It's been a typical day here, I've wound up somewhere totally different than where I thought I would be - here.
I was getting used to NetBeans GUI builder and trying to find an intuitive way to integrate Swing apps with Spring, which led me to explore the Swing app framework (JSR 296), which led me to multiple articles about how SAF currently sucks because of the underlying architecture and the reluctance/inability of that team to see the need to refactor it (not to mention that it may either be dead or released half baked).
That said I kept seeing mention of Spring, IOC, and sometime Spring RCP.
I use Spring (Security, Core, some other odds and ends) and I am familiar with it. I have implemented a Swing prototype that uses Spring Security to login/authenticate, and I started to implement using Permissions to tie various actions (enabling/disabling, showing/hiding) that are typical use cases in Swing apps where there are users with different security roles.
So, I came back here and I am diving into RCP instead of SAF. Like most Spring projects I like what I see so far. Kind of disconcerting the scarcity of docs after 4+ years, but what are you going to do - SAF looks stillborn.
Anyway, I was digging around the forum and the docs for info on security. The copy of the docs I dug up (literally had to go digging here) had a few paragraphs on security then just stopped hanging in midair, not even coming close to telling me what I want to know much less giving me any real info.

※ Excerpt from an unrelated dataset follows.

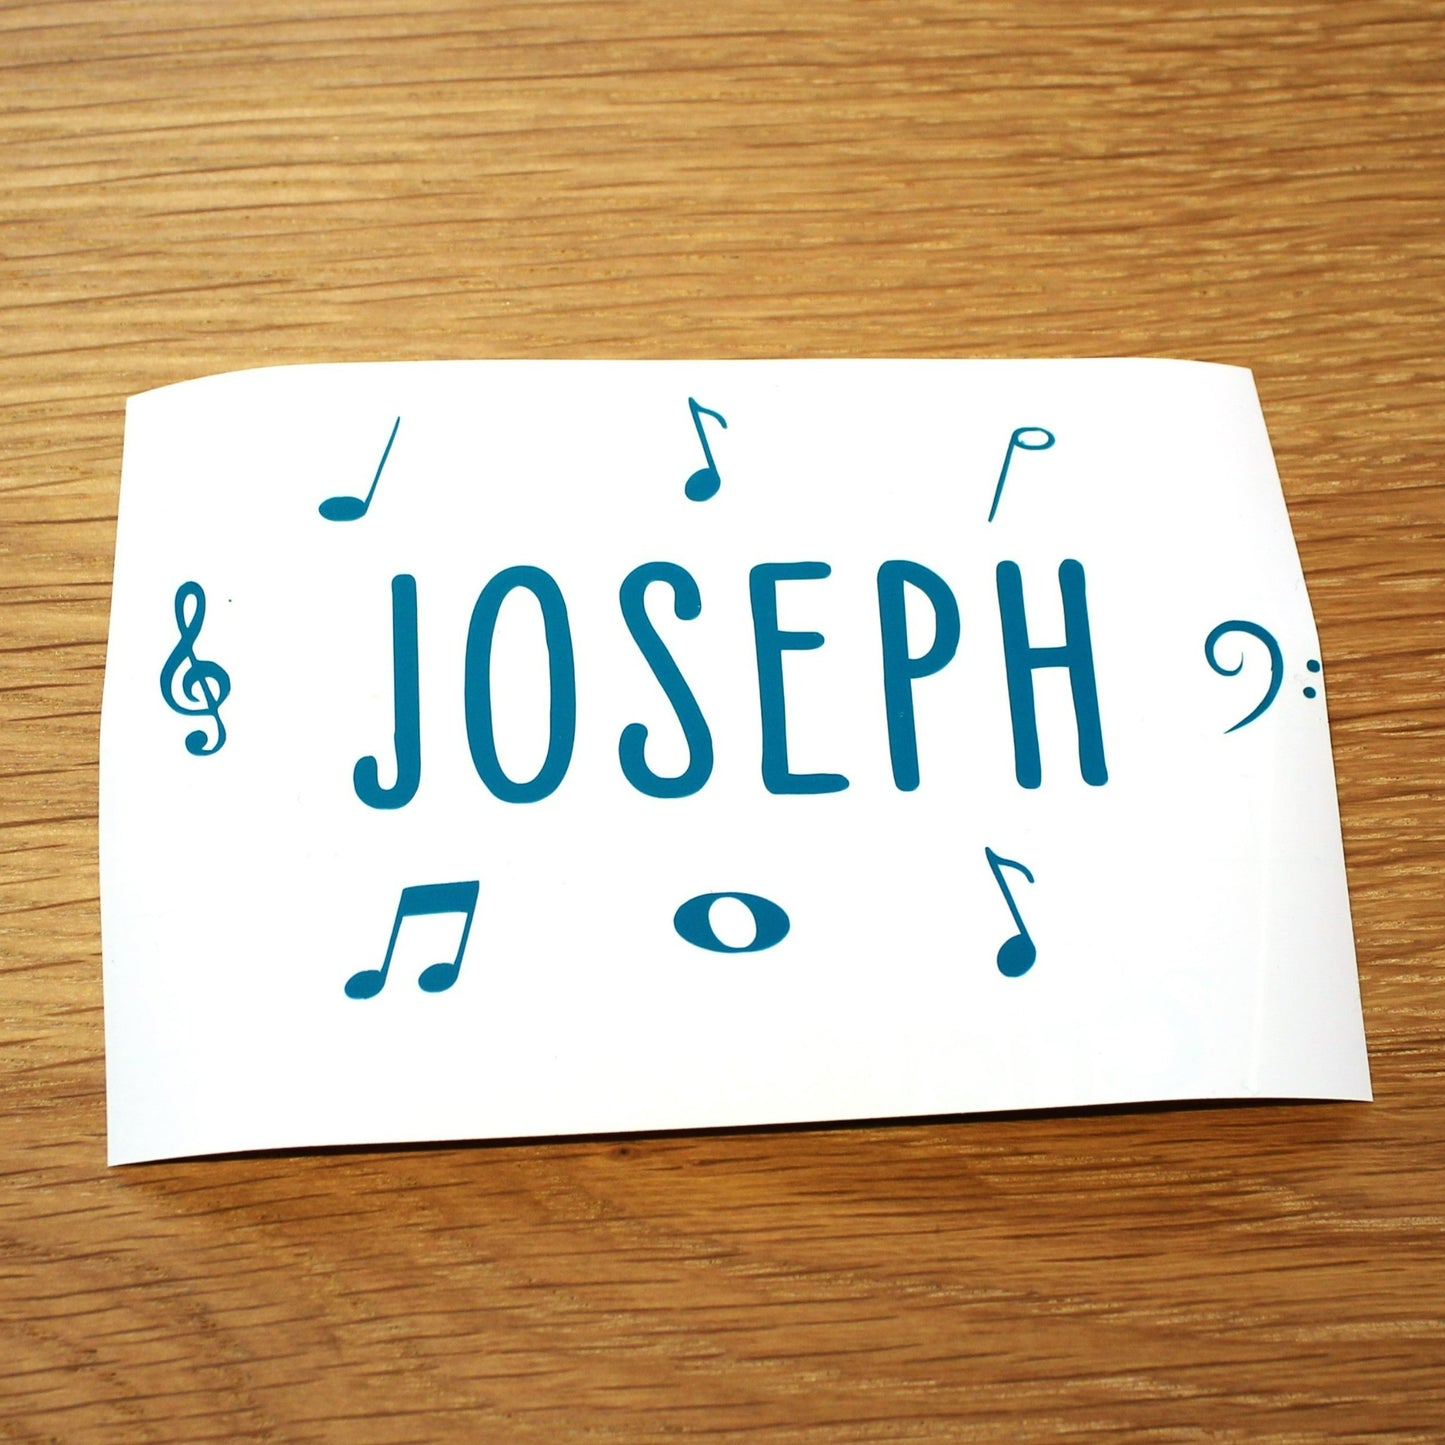 Name in plain capitals with music symbols around. Teal lettering.

Maybe my copy is corrupt?This assumes you have a security controller named mySecurityController defined in your application context.
Warning
Rest of the text
But enough b***** and on to my questions.

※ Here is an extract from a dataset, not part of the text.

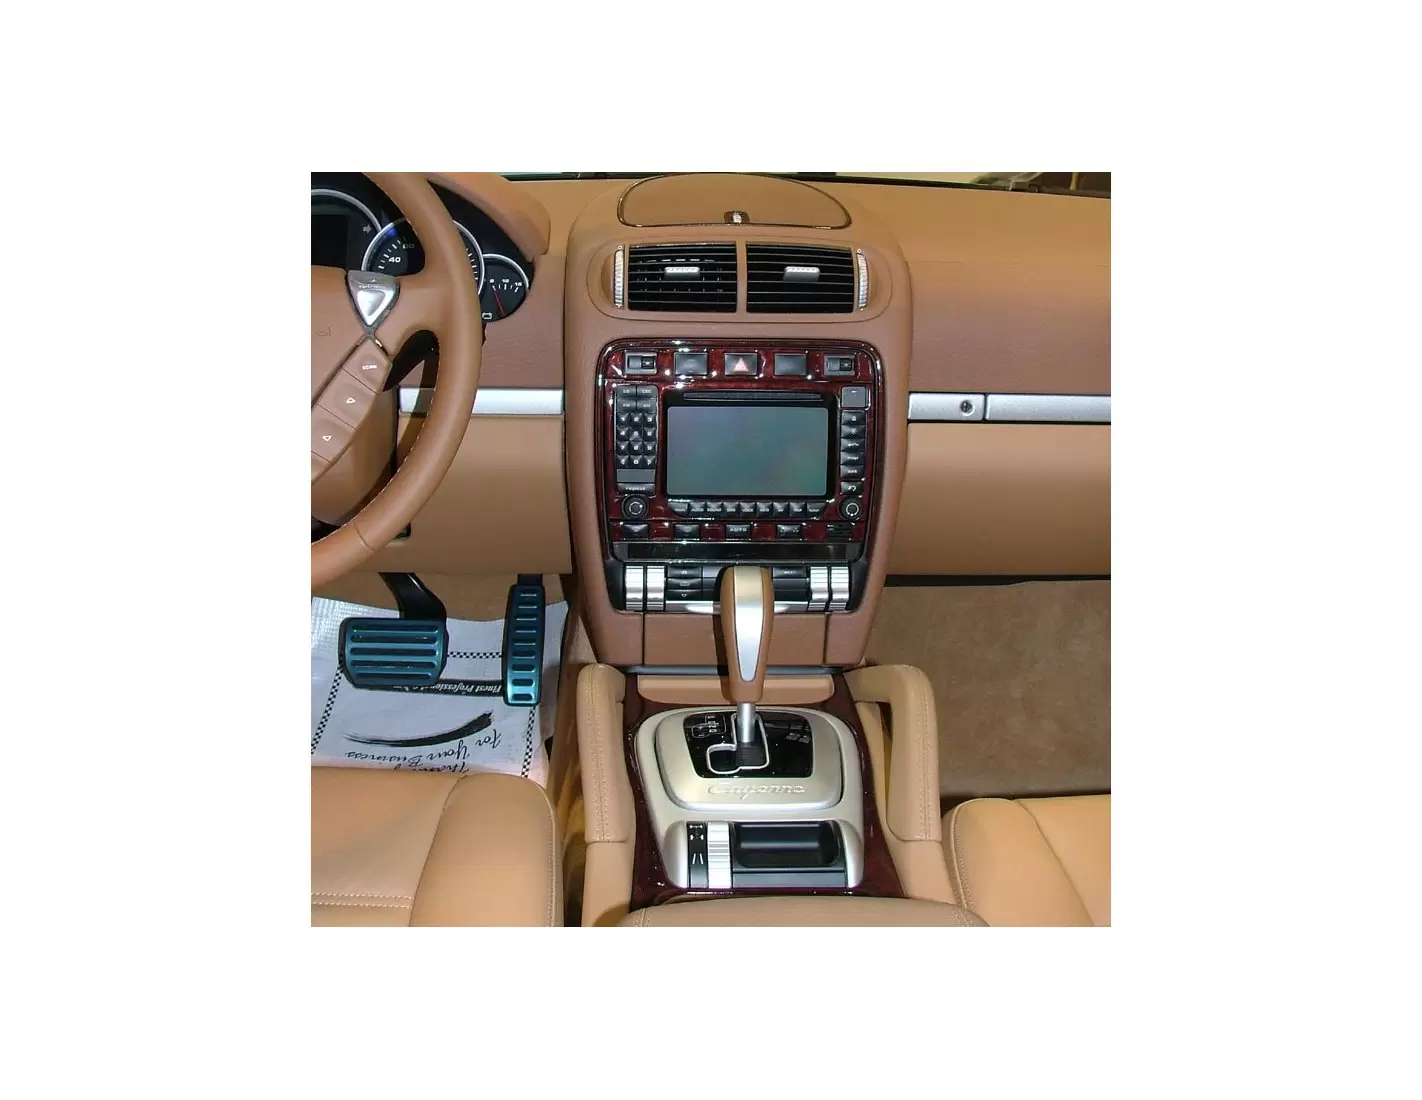 Porsche Cayenee 2003-UP With or Without NAVI Interior BD Dash Trim Kit

I have downloaded the code/docs and searched through them, I've searched the forum and come up with these threads and references:
http://opensource.atlassian.com/conf...y/RCP/Security
http://forum.springsource.org/showthread.php?t=23070
http://forum.springsource.org/showthread.php?t=32565
http://forum.springsource.org/showthread.php?t=41773
http://forum.springsource.org/showthread.php?t=70873
So, I gather there is considerable code and logic for security. More than I thought there would be. Bravo. Well done.

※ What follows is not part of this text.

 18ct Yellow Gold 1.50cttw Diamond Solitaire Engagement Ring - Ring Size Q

However, back to the use case - not necessarily enabling commands (which is useful), but simply enabling/disabling/hiding/showing a menu/button/etc. - is there a straightforward way to do this?
I don't want to reinvent the wheel, but my solution seemed straight-forward. Although not particularly elegant it didn't seem ugly either and reused the concept of Java Permissions. I extended Permissions and in a policy file I create grants for permissions on particular components. I can then load those permissions for a given component and examine the roles and privileges in the grant. Based on that info I can then decide whether to enable/disable/etc.
Seems cleaner than the typical hard coded approach you see in a lot of apps. The permissions/grants are decoupled and can be configured separately from the app/module. The logic doesn't need to know which role does what, it just matches the role of the grant to the role of the current user.
So, is there something similar or better in RCP?